Human Services, Public Health and Behavioral (Mental) Health are funded as entitlement programs initiated and largely funded by the federal government. The State also provides a large revenue match and the County provides a smaller match from its general fund. The County administers the program, so the whole amount is shown in the the pie chart as an allocation, even though most of the revenue stream actually comes from the State and the feds.
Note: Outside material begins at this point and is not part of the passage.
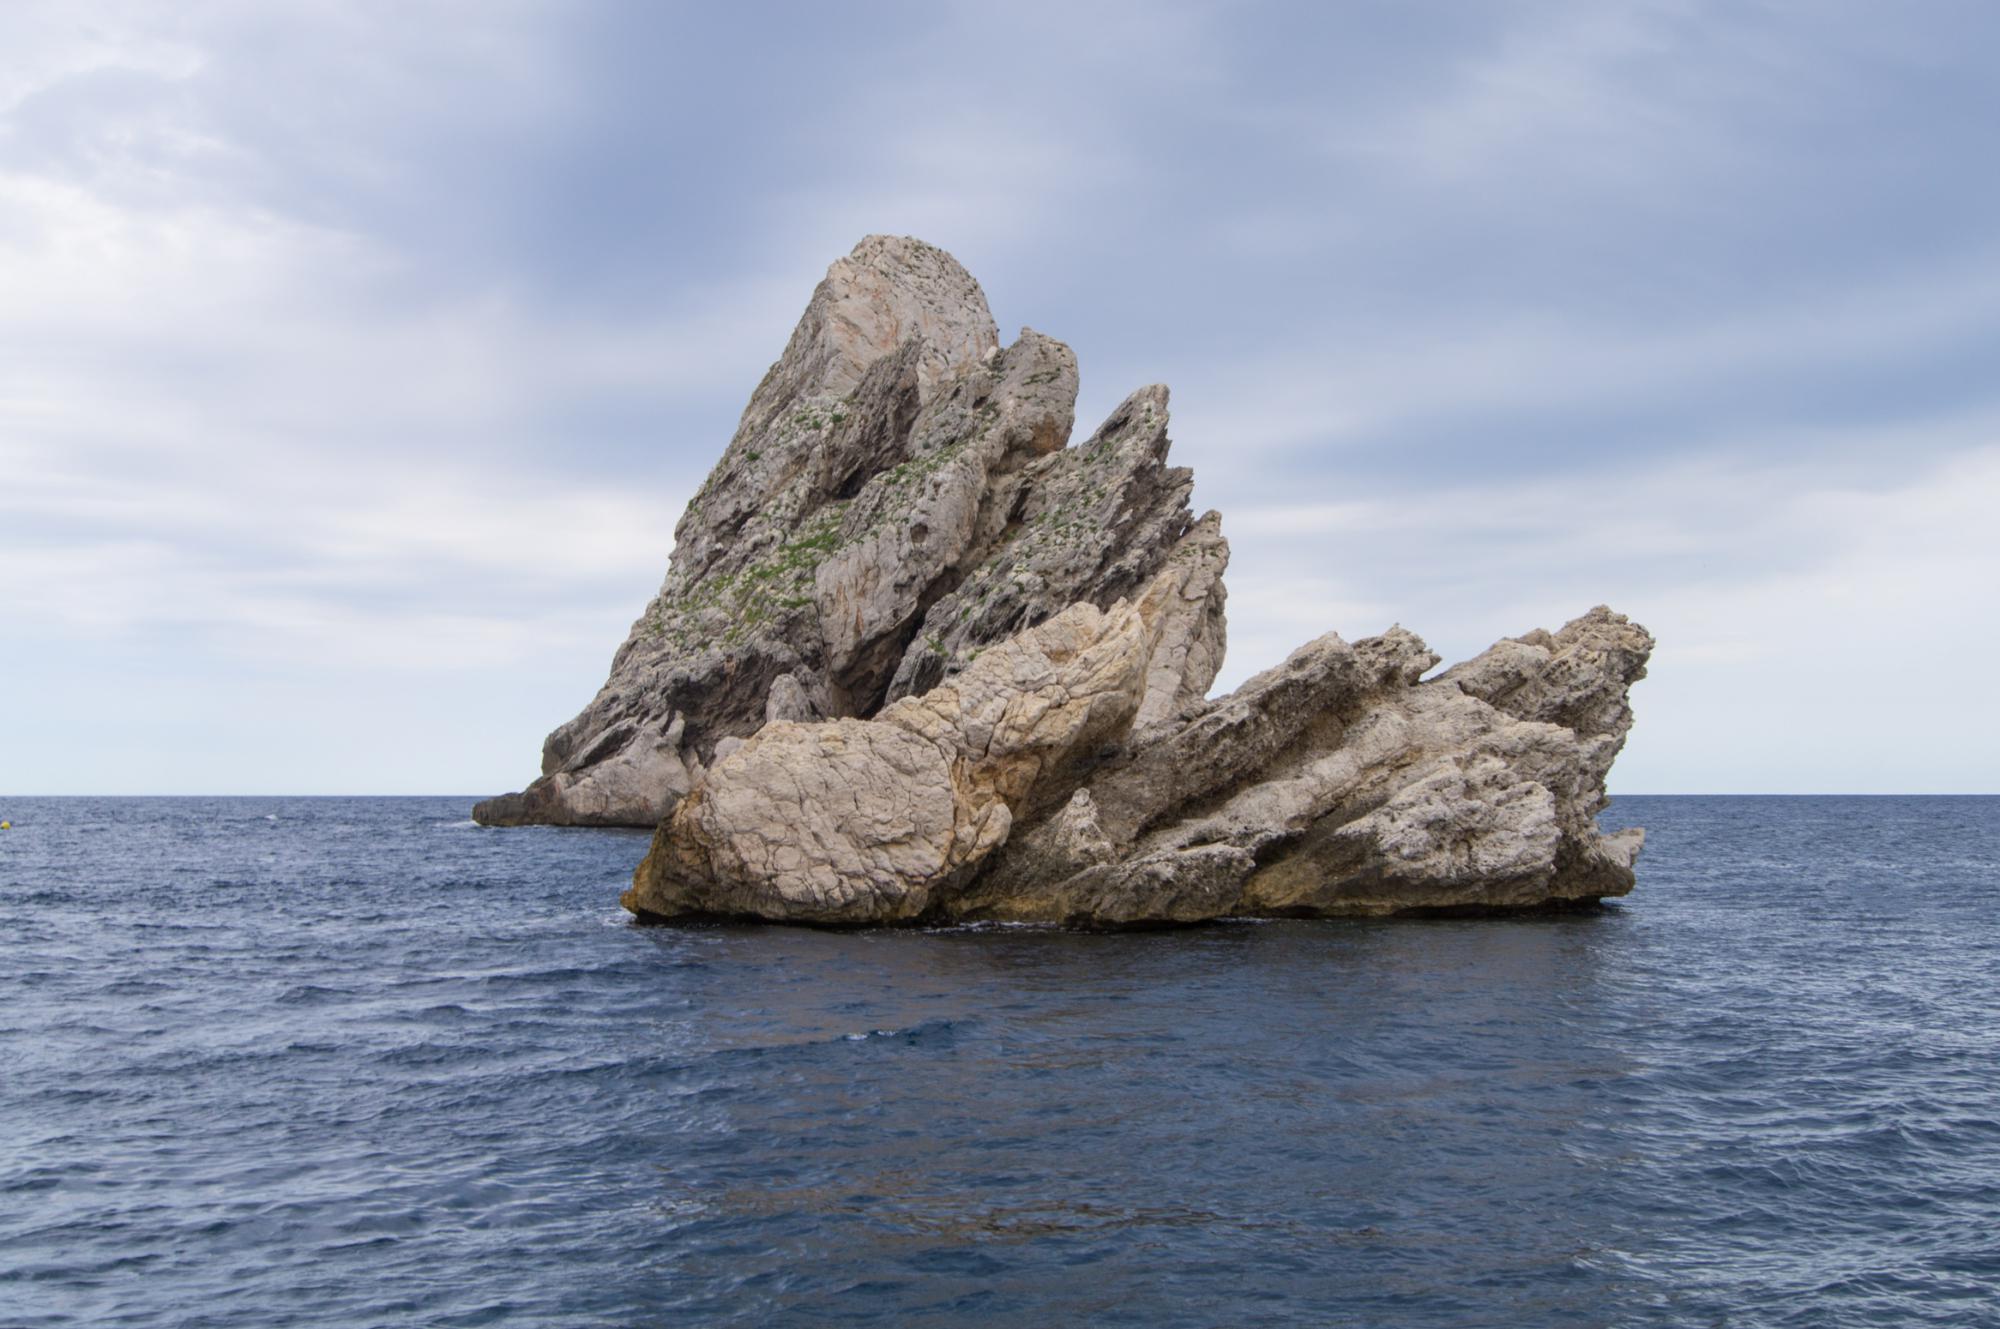 Скалы в Средиземном море недалеко от города Эстартит, расположенного на побережье Коста Брава

Transportation is funded from the earmarked pots of the gas taxes, Prop. 42 and a sort of federal in lieu of taxes amount that replaced the timber tax in rural areas. Prop. 42 funds have been pillage by the State before and are proposed to be pillaged again in the current budget. Funds for roads are being diminished on the local level. http://www.calvoter.org/2002/primary/propositions/42.html

The County General Fund pays for administration services like the tax collector, auditor, assessor, recorder, clerk. Usually, service fees help support planning and building departments. A large part of the general fund goes to the sheriff, jail, probabtion and D.A. The General fund revenue is largely property tax, sales tax, VLF and the various subventions paid by the State when it plays shell games with the VLF, Williamson Act and others. http://www.sco.ca.gov/ard/payments/vlfrealign/1103.pdf

In our County, the county currently recieves only about 23% of the property taxes. The rest are diverted elsewhere through shell games like ERAF http://216.239.57.104/search?q=cache:BokgNnF5MtkJ:www.californiacityfinance.com/ERAF_facts.pdf+ERAF&hl=en&ie=UTF-8
which divert County and special district revenue to satisfy the State's obligation to the schools under Prop. 98. (The Gov. is proposing to take even more in the current budget. http://www.csac.counties.org/feature.html) Propert taxes currently account for about 26% of our General Fund. VLF is about 24% and subventions or backfill for Williamson Act (open space tax breaks) amounts to about 17%. http://www.csac.counties.org/legislation/williamson_act/wa_fact_sheet.pdf

Another technique of the State is called realignment. This is where they "devolve" greater and greater responsibility for State and federal social services programs to the County, while cutting the amount of money to implement the program.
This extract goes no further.